FIGS. 6 and 7 show alternate forms of quick-disconnect regulator and distribution block components for use with the portable pressurized fluid drive system 110 of the present invention. The distribution block 130 is preferably releasably mounted to a canister 120 containing pressurized drive fluid, substantially as disclosed above, for example by means of a threaded coupling. Alternatively, the distribution block 130 is permanently affixed to or integrally formed with the pressurization canister 120. The distribution block 130 preferably comprises a gate valve 132 for opening and closing fluid discharge from the canister 120, a fill port coupling 134 for refilling the canister when spent, a safety-release valve 136 for venting excess pressure from the canister, and a quick-disconnect coupling 138 for connection of the regulator assembly 140. The regulator assembly 140 preferably includes a high-pressure gauge 142 for displaying the tank pressure within the canister 120 when valve 132 is open, and a low-pressure gauge 144 for displaying the regulator discharge pressure delivered to the tool. An adjustment knob 146 allows the user to selectively control the regulator discharge pressure within a range. A second quick-disconnect coupling 150 is preferably provided for connection of the hose delivering drive fluid at the regulated pressure to the tool.

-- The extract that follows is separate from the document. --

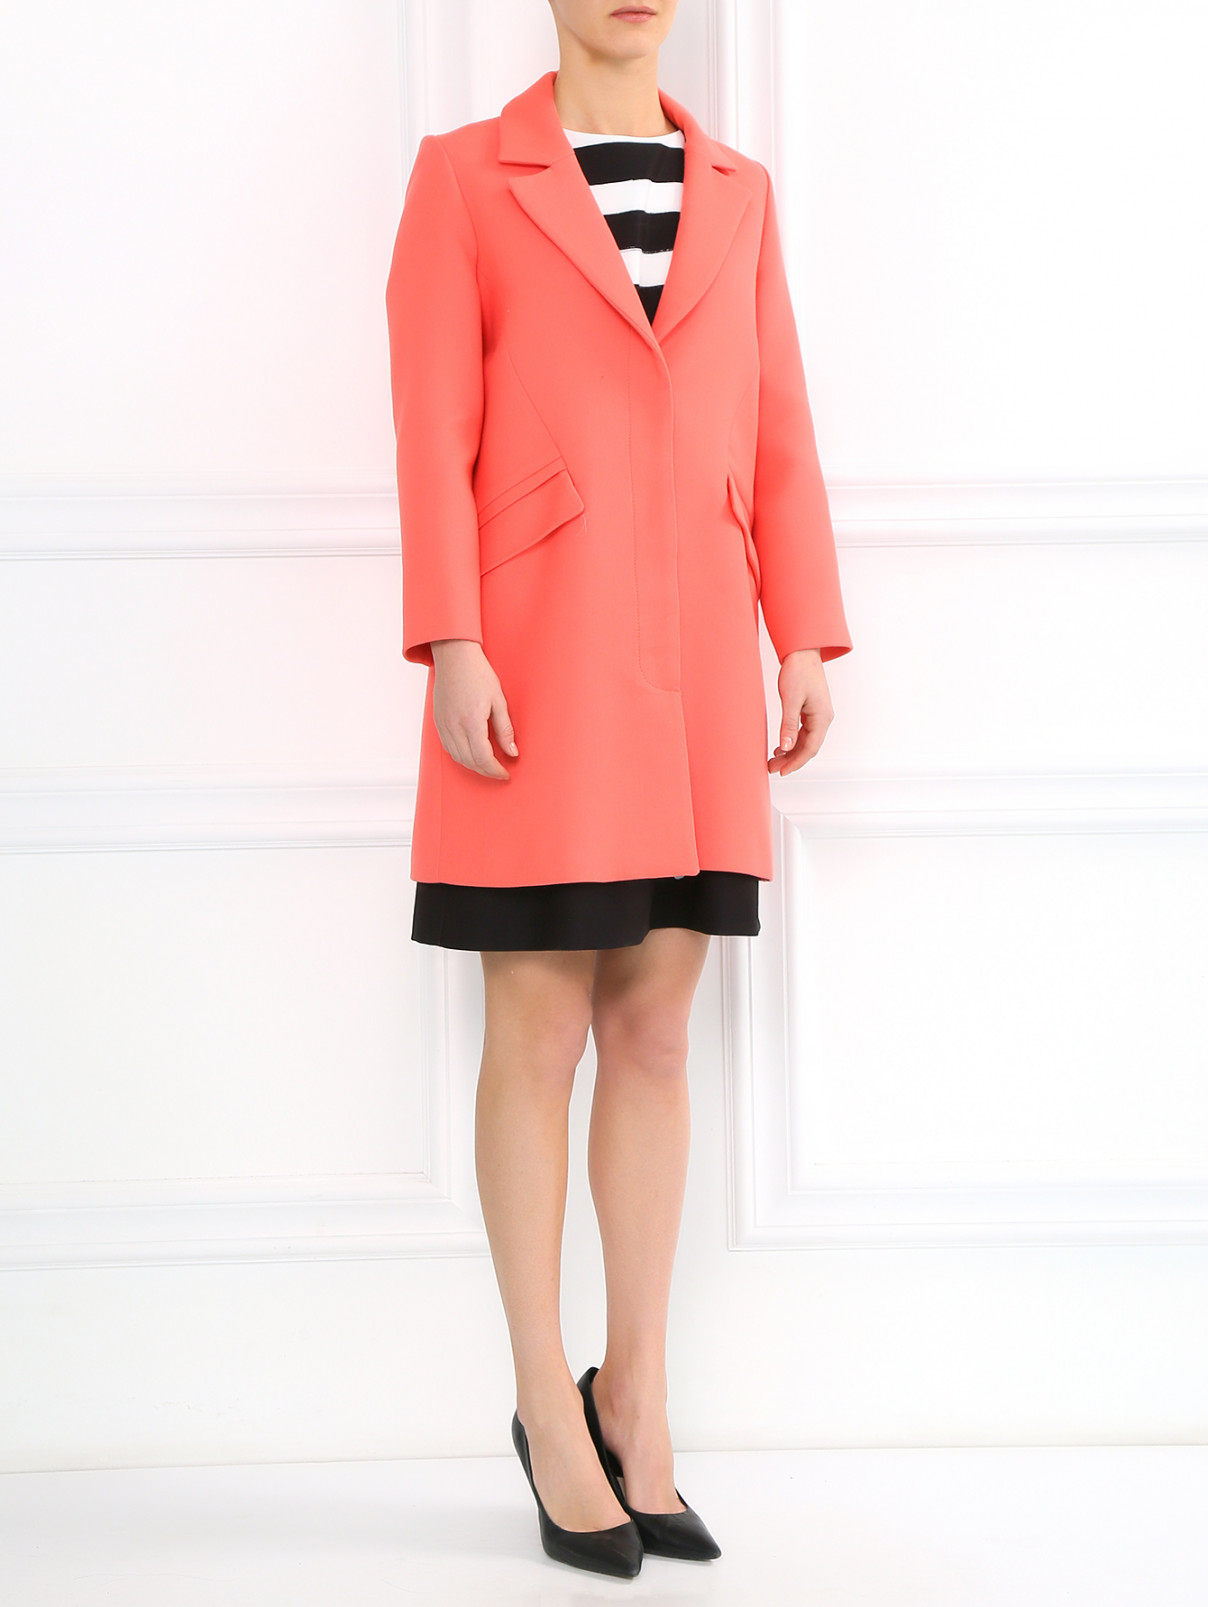 Пальто из хлопка с боковыми карманами Paul&Joe Sister  –  Модель Общий вид  – Цвет:  Розовый

FIGS. 8-13 depict a portable pressurized fluid drive system 210 according to another example embodiment of the invention. A CO₂ tank or canister 220 is preferably coupled via a length of pneumatic hose 222 to drive a power tool such as a nail gun 224 (FIG. 10), a paint sprayer 226 (FIG. 11), an inflation hose 228 (FIG. 12), or an impact wrench 230 (FIG. 13). Of course in other embodiments, the tool may take the form of, for example, a stapler, a paint roller, an impact wrench, a jack or automotive lift, a blower nozzle for cleaning, a pressurization fitting for leak-testing plumbing or other conduits or vessels, a spray applicator for pesticides or other fluids, and/or another power-driven tool or implement. The hose 222 is preferably connected to the pressurized drive system and/or the tool via quick-connect and swivel couplings 234 for ease of use and to resist tangling and kinking of the hose. The system can optionally also include a tool belt or harness for holding the CO₂ canister, the driven tool, and/or various associated implements about the user's waist, and for hose management for safety and convenience of use.

FIG. 8 shows an integral distribution block and pressure regulator 250 in greater detail, according to an example form of the invention. The integral distribution block and pressure regulator 250 preferably comprises a lower housing 252 having internal threads or other connection means for releasably coupling with the canister 220, a fill coupling 254 for attachment to an external fluid refill source for refilling the canister when spent, a pressure-relief valve 256 for venting excess pressure from the canister, a coupling for attachment of a line pressure indicating gauge 258, a coupling for attachment of the quick disconnect fitting 234, an upper housing or bell cover 260 for containing the internal regulator components, and an adjustment knob 262 for selectively controlling the line pressure output. The incorporation of the pressure regulator, fill connection, safety release valve, gauge coupling, and tool hose coupling into a compact integral unitary distribution block assembly advantageously reduces the size and weight of the system, improving portability and ease of use, reducing manufacturing cost, and increasing durability. The provision of a universal distribution block as shown, suitable for attachment to various sizes of CO₂ canisters, advantageously permits the user to interchange canisters of different sizes with the same tools and implements, depending on the scope of the intended project and/or canister availability.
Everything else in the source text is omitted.